▸ **What is needed**: Everything from the line with "Hg1703222 12 Oz" to the final line of the entries, both included, should be restated word for word; please omit the pictures.

▸ **Data provided**:
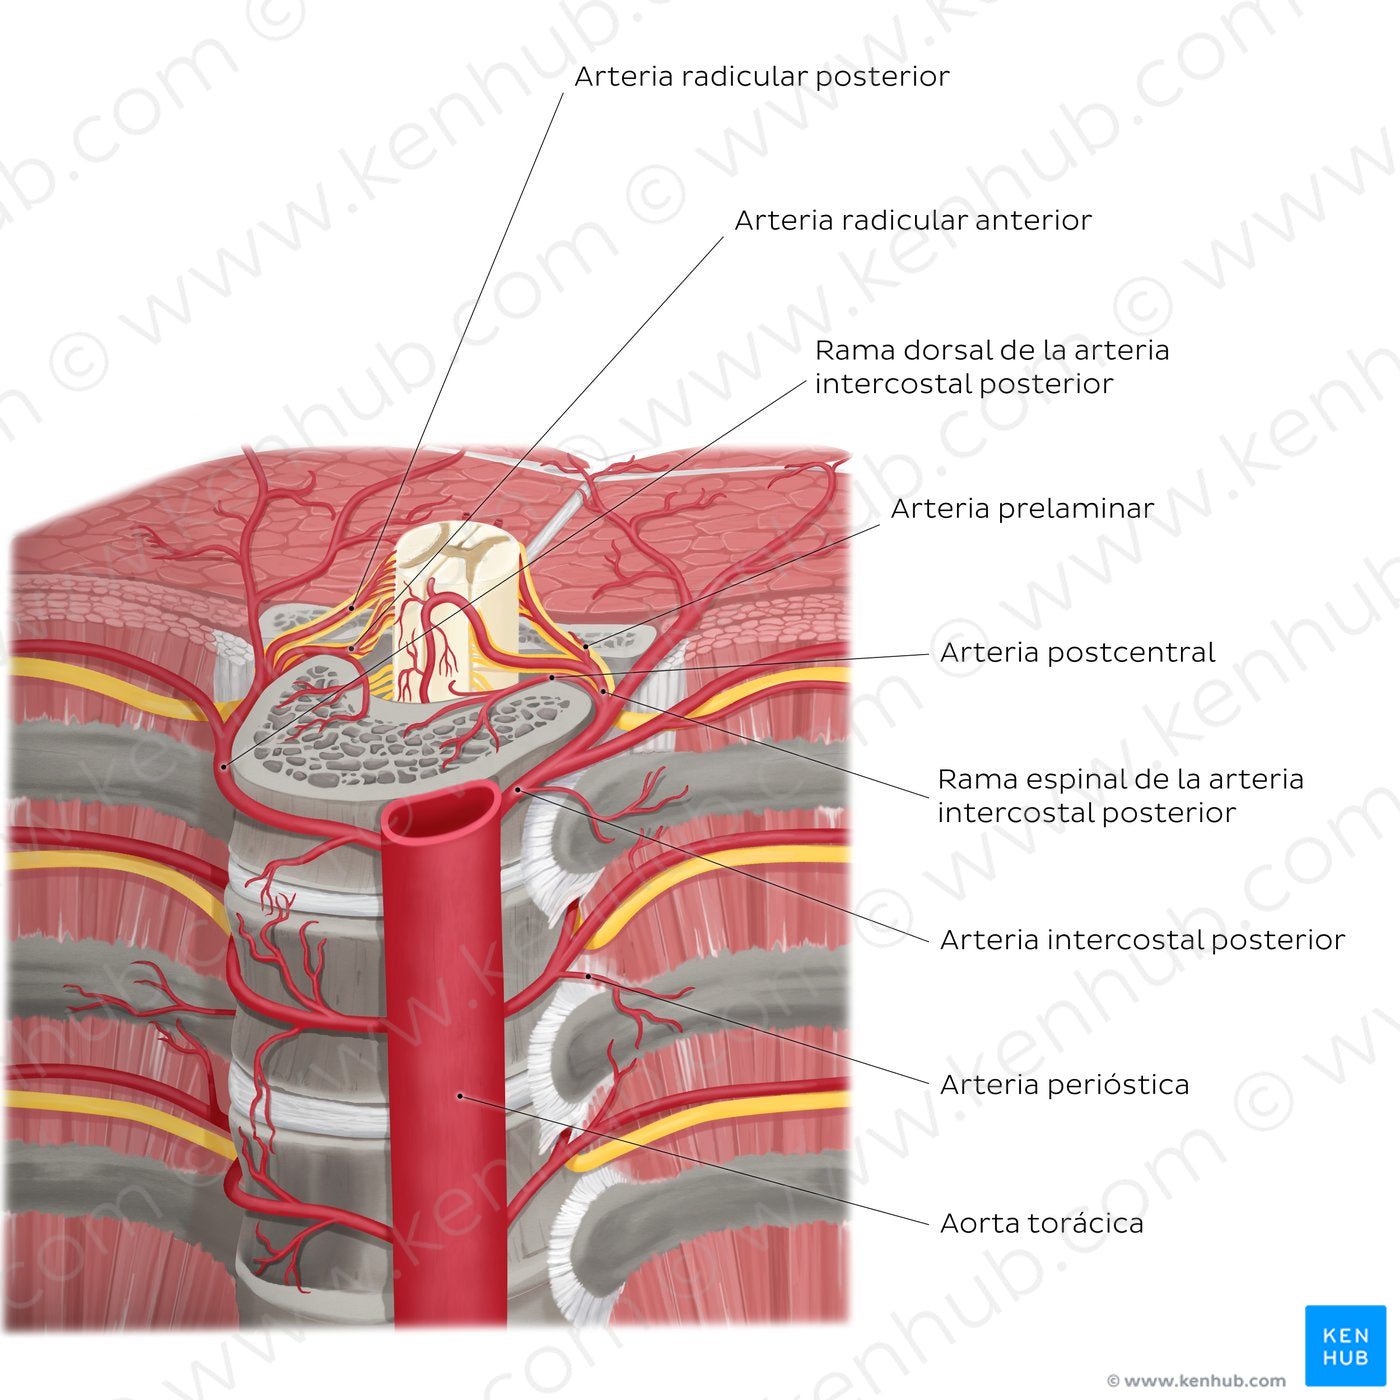 Arteries of the vertebral column (Spanish)
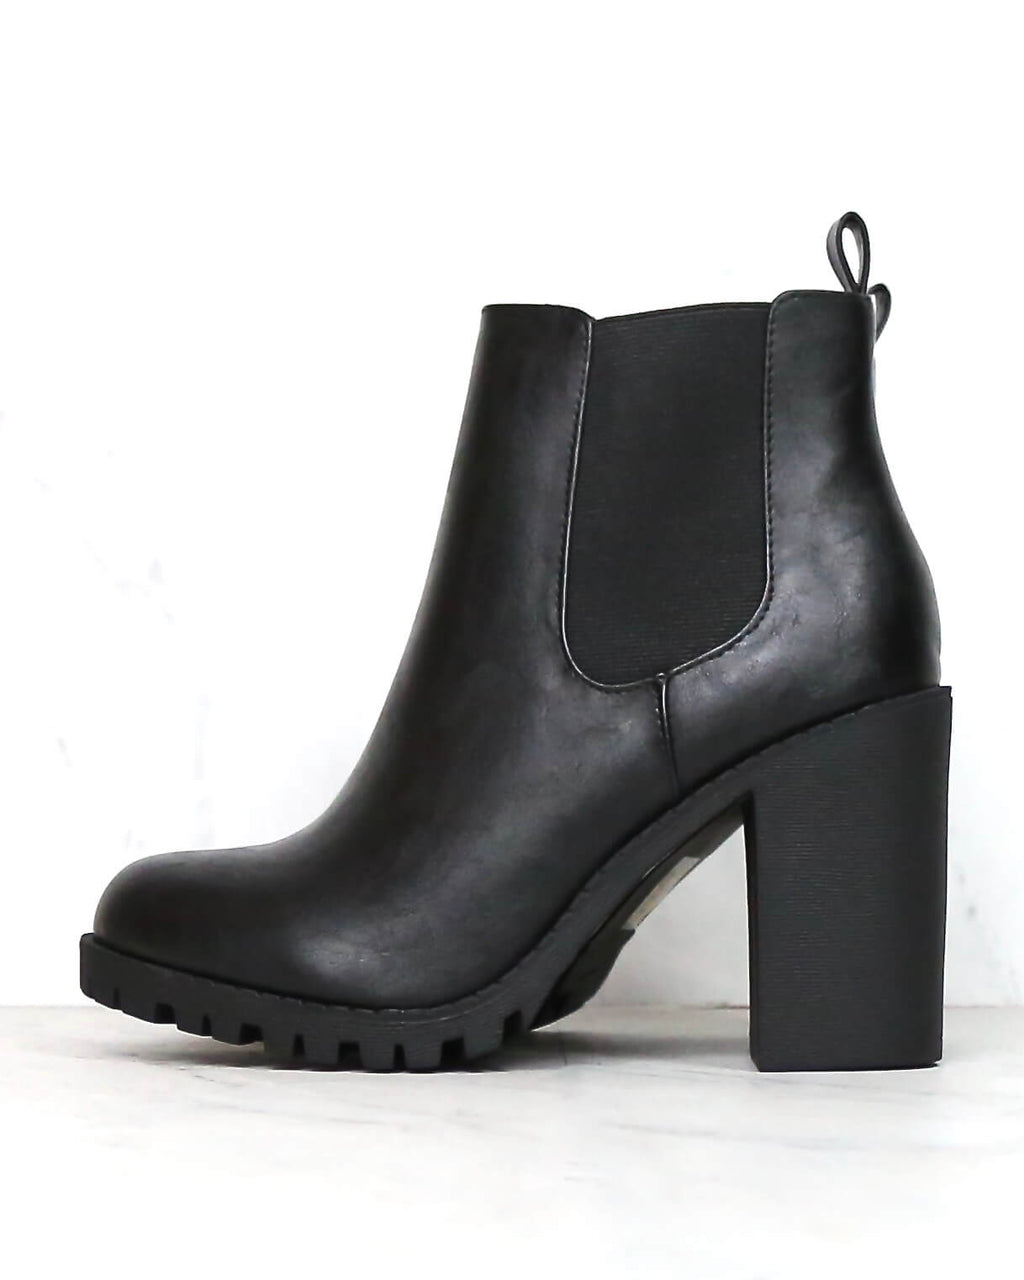 boots – shophearts
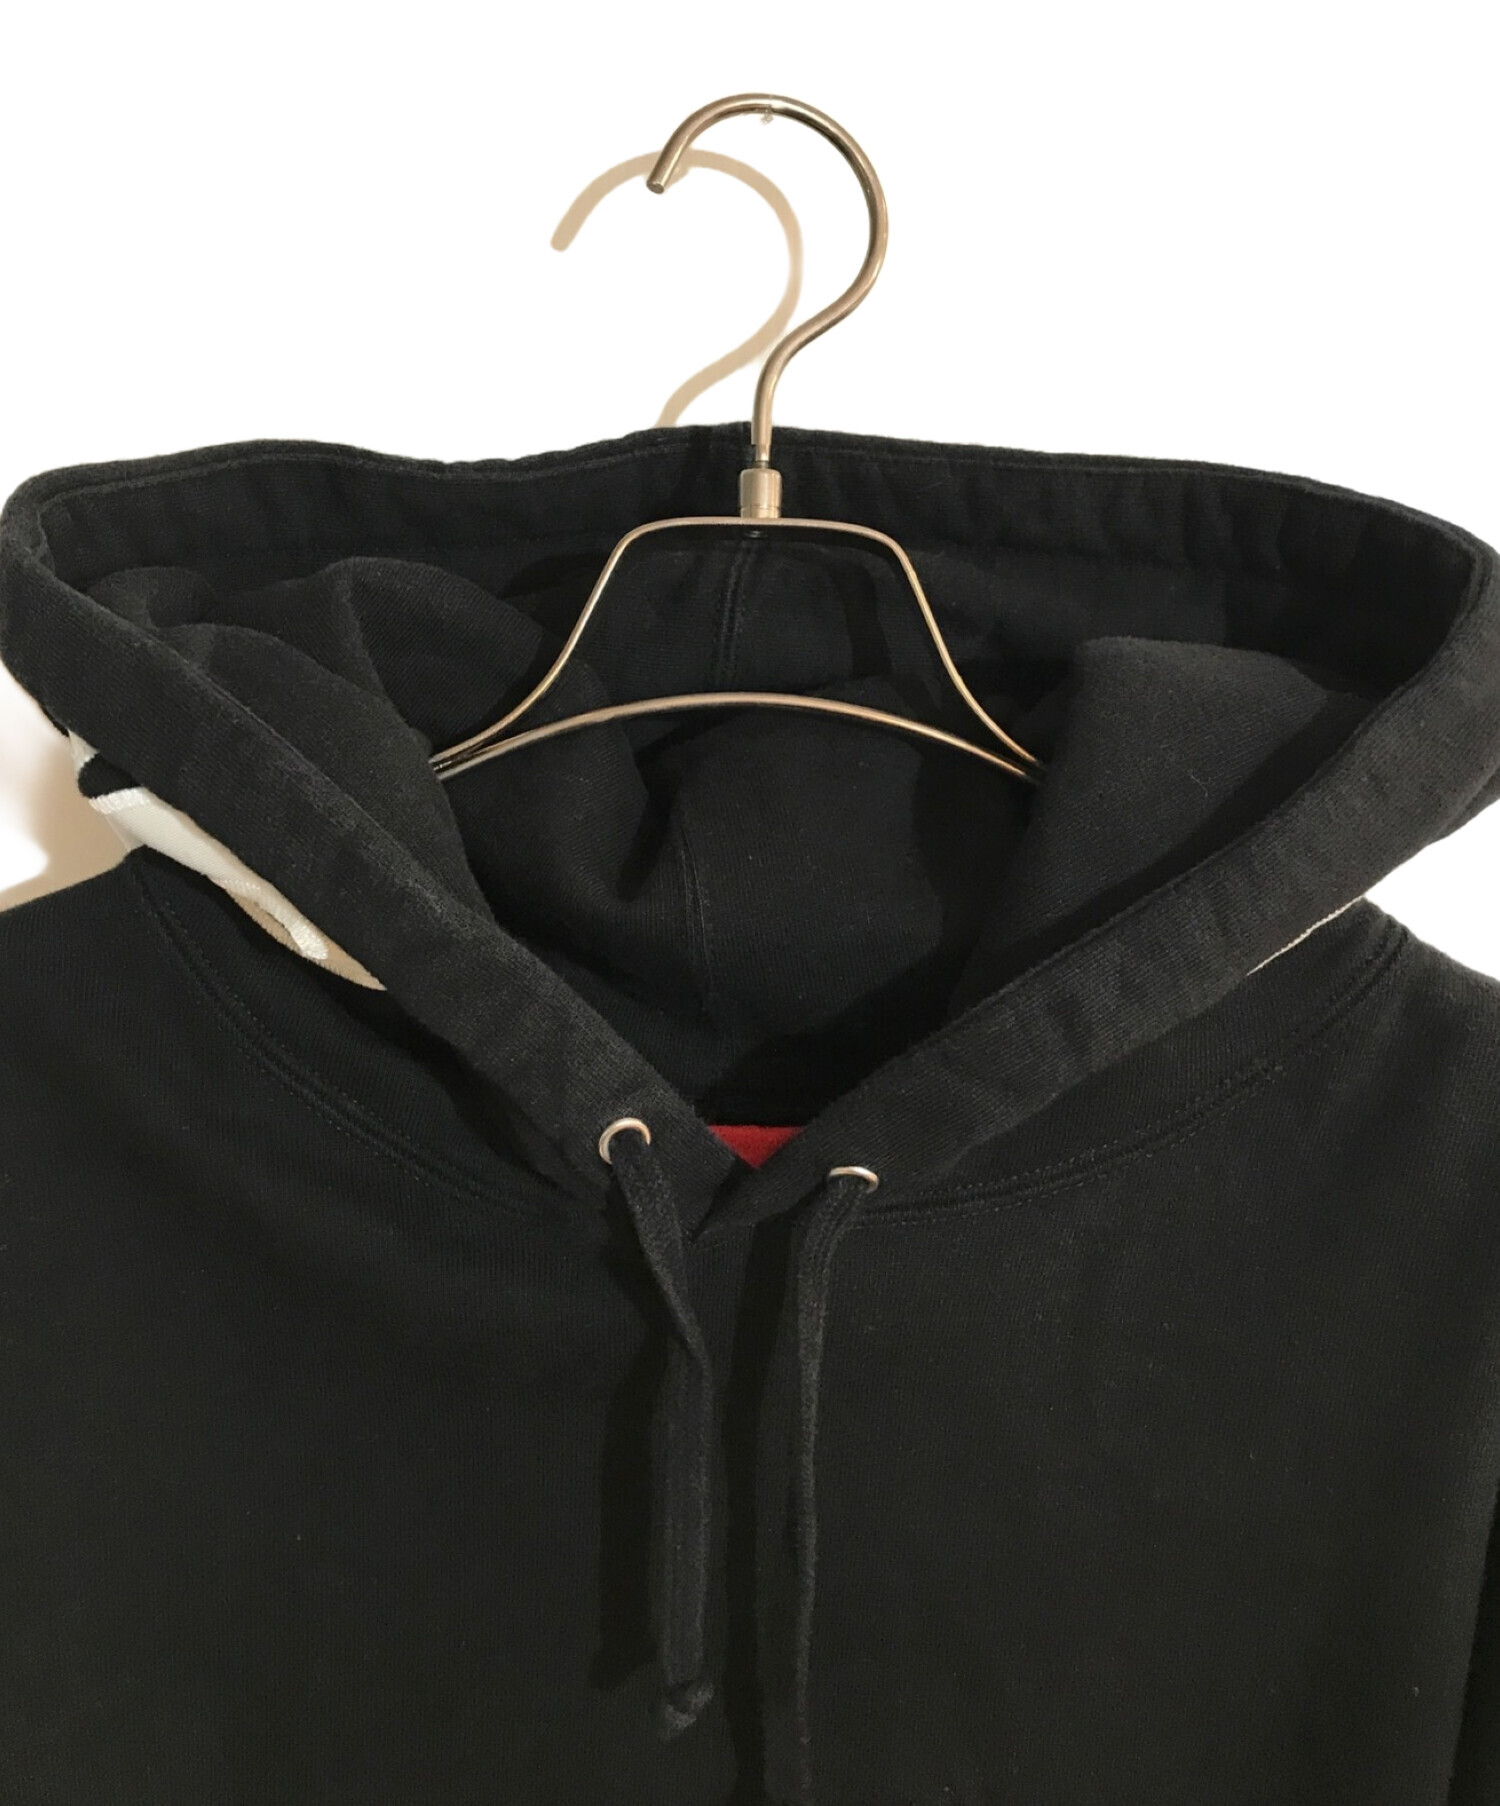 Supreme (シュプリーム) Contrast Hooded Sweatshirt/コントラストフーディースウェットシャツ ブラック  サイズ:SIZE XL
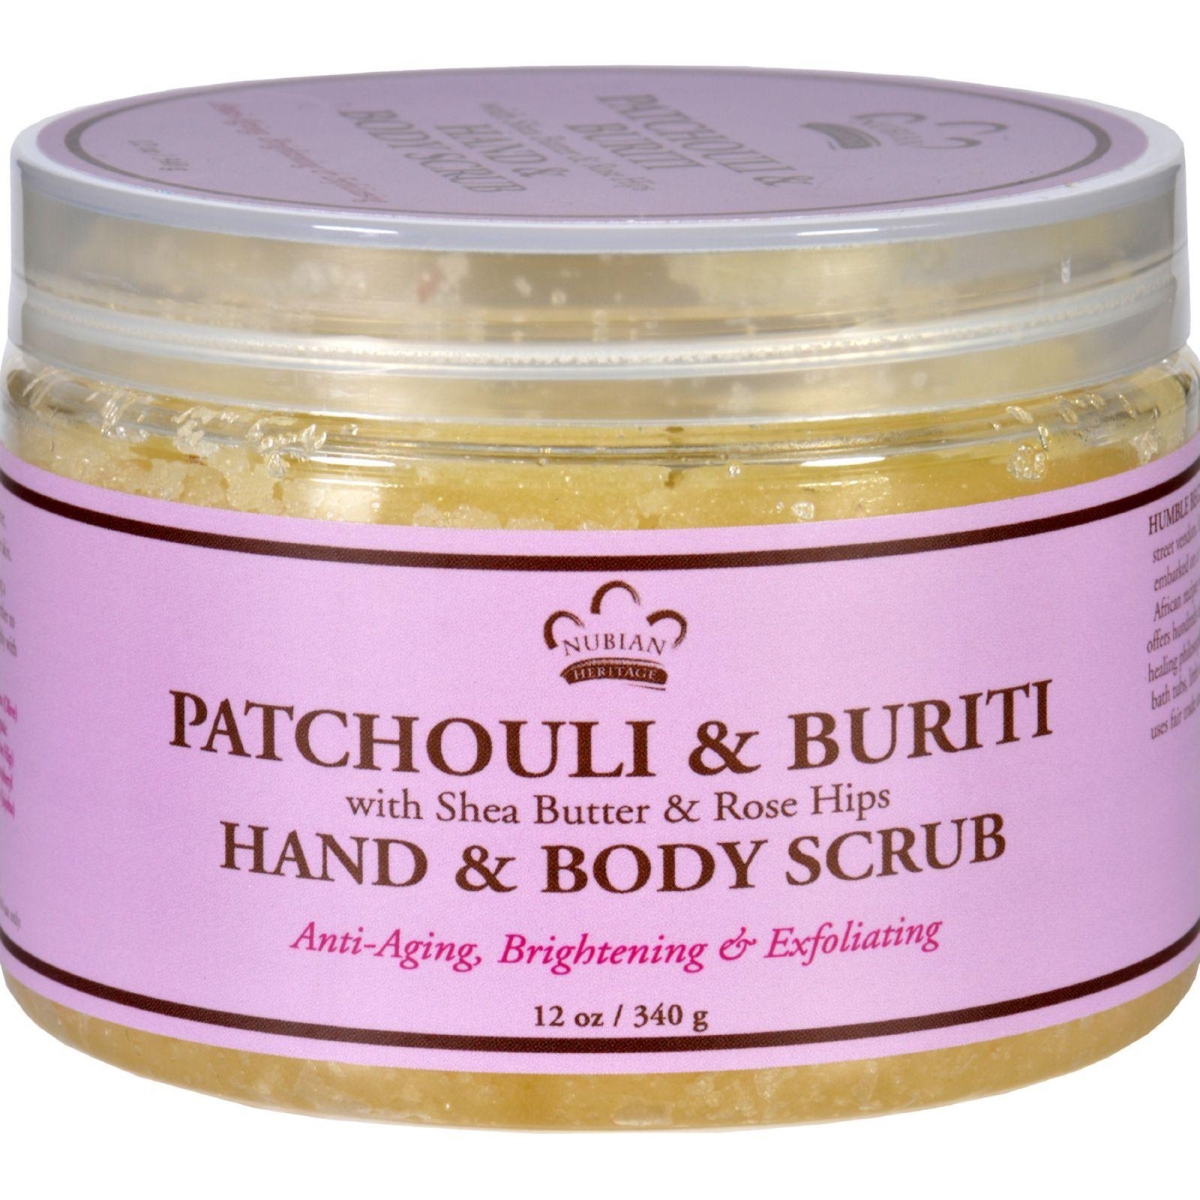 Hg1703222 12 Oz Hand & Body Scrub - Patchouli & Buriti
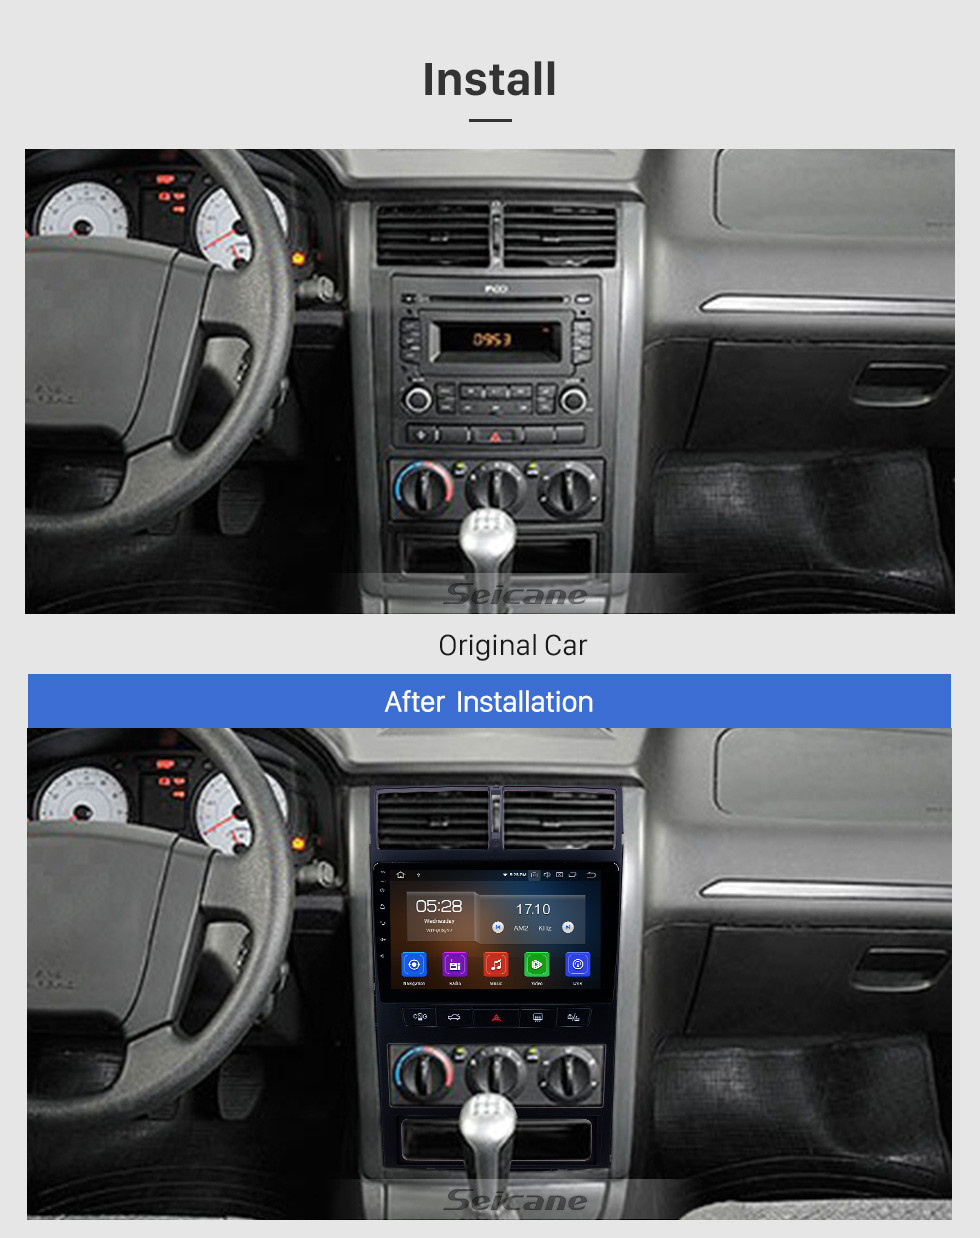 Seicane Pantalla táctil HD Peugeot 405 Android 11.0 9 pulgadas Navegación GPS Radio Bluetooth USB WIFI Carplay compatible con DAB + TPMS Cámara de visión trasera

▸ **Response to this exercise**:
 Hg1703222 12 Oz Hand & Body Scrub - Patchouli & Buriti
 Seicane Pantalla táctil HD Peugeot 405 Android 11.0 9 pulgadas Navegación GPS Radio Bluetooth USB WIFI Carplay compatible con DAB + TPMS Cámara de visión trasera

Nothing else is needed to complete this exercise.